Image copyright © by Marcus Trahan

Green For Danger

(UK, 1946)

If I had remembered the title of this film after we started watching it, I couldn’t have actually guessed whodunit, but it would have been pretty clear howdunit. The clue is green. This was based on a popular novel of the day by Christianna Brand, who wrote a lot of books with the character of Inspector Cockrill, and also children’s books about Nurse Matilda, who for some reason they renamed Nanny McPhee when they made the movie about her. The main reason we watched it was that Alastair Sim was playing Cockrill. He is one of my very favorite (sorry, favourite) British actors. Five years later he would create the best Scrooge that has ever graced the screen. It also stars Trevor Howard.

It takes place in the countryside during the war. Someone has murdered a man on the operating table, and everyone who was in there at the time becomes a suspect. More murders follow. Sim plays Cockrill as a slightly self-satisfied Poirot wannabe, who is a bit unmanned when the V1 buzz bombs snarl above him. But he is clever. He gets it all right … except for an embarrassing mistake right at the end, which brings him down a peg or two. But his final lines, delivered in voiceover as he is dictating a telegraph, made me laugh: “In view of my failure – correction, comparative failure – I feel that I have no alternative but to offer you, sir, my resignation, in the sincere hope that you will not accept it.”

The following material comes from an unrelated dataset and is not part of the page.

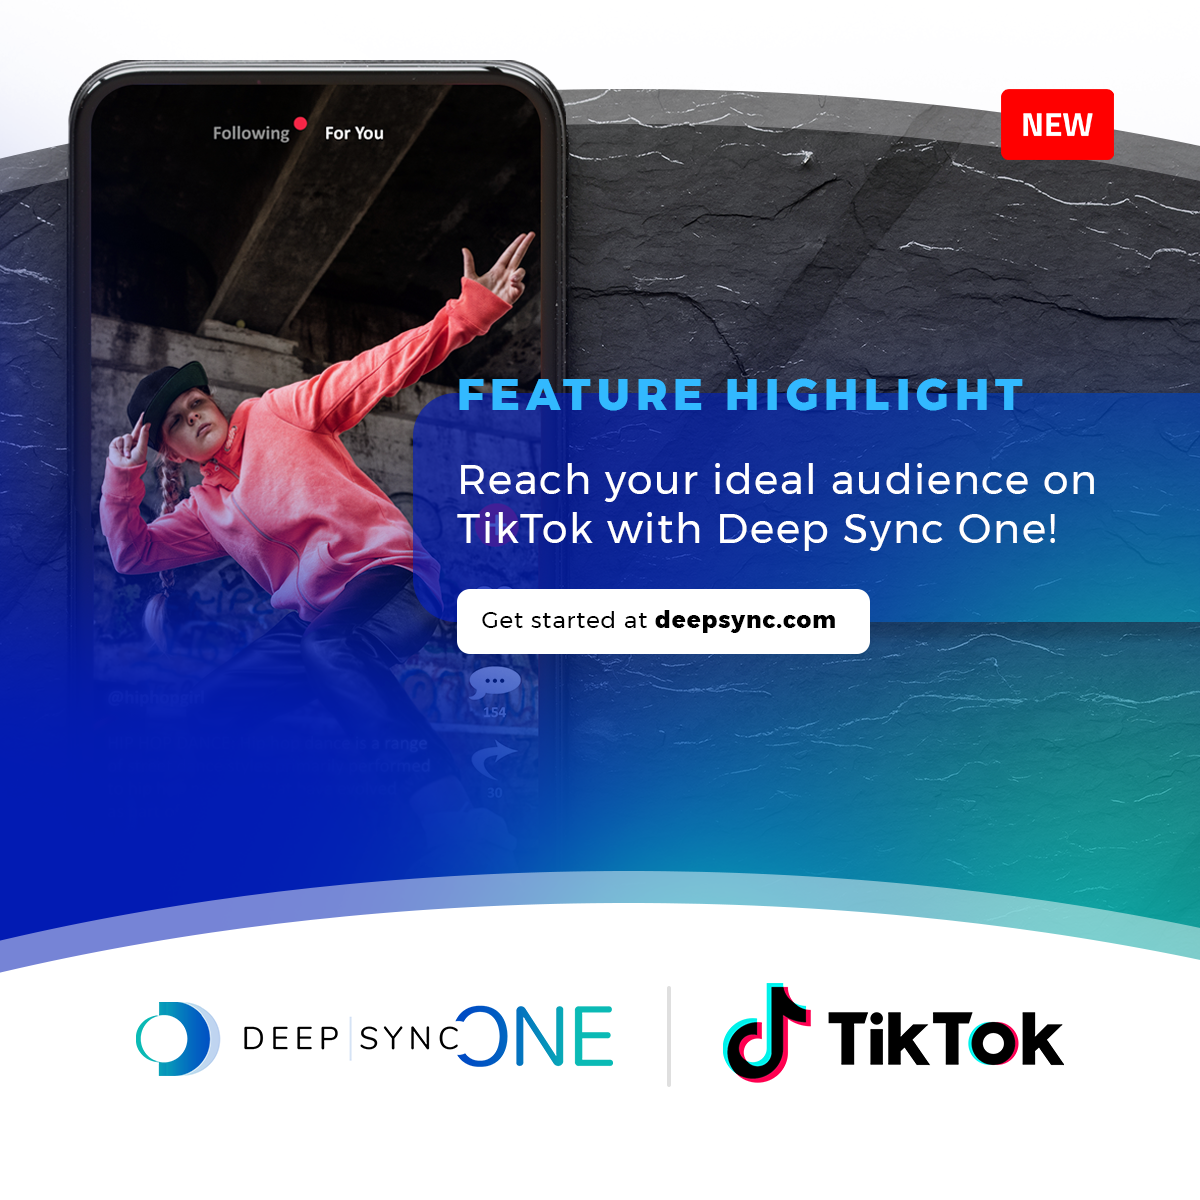 Deep Sync One data is now available for use on TikTok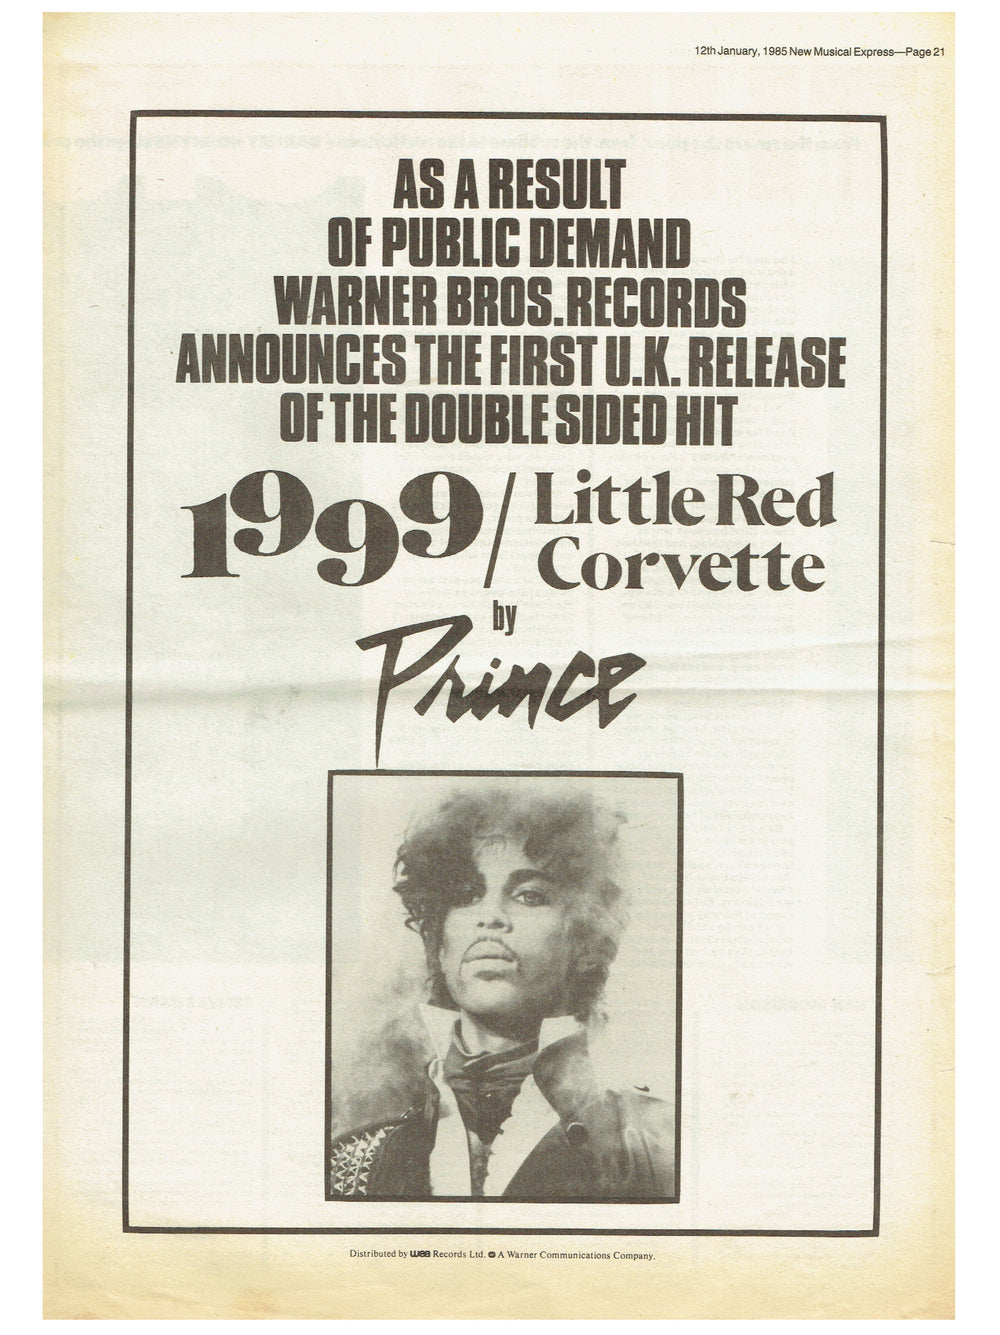 Prince – 1999 Little Red Corvette Full Page Advert Newspaper NME January 12th 1985

One of the highlights, for me, was the V1s. The V1 buzz bomb was the first cruise missile. It was launched from the ground with a rocket booster, or dropped from the air. From there, a pulse jet powered it in the general direction of London, which made the distinctive buzzing sound, and its primitive autopilot guidance system was designed to take it over the target and then sever the control cables. That caused it to go into a nose dive, which cut off the fuel supply (unintentionally), so suddenly the sky would be quiet. It was only a pause before the damn thing hit the ground, with devastating effect. When the noise stopped, you knew it was time to get your head down. It was a pure terror weapon, killed mostly civilians, but was a great success for the Nazis because it forced the Allies to divert a lot of effort into shooting them down and destroying their bases. The scenes of the V1 in this movie are very effective.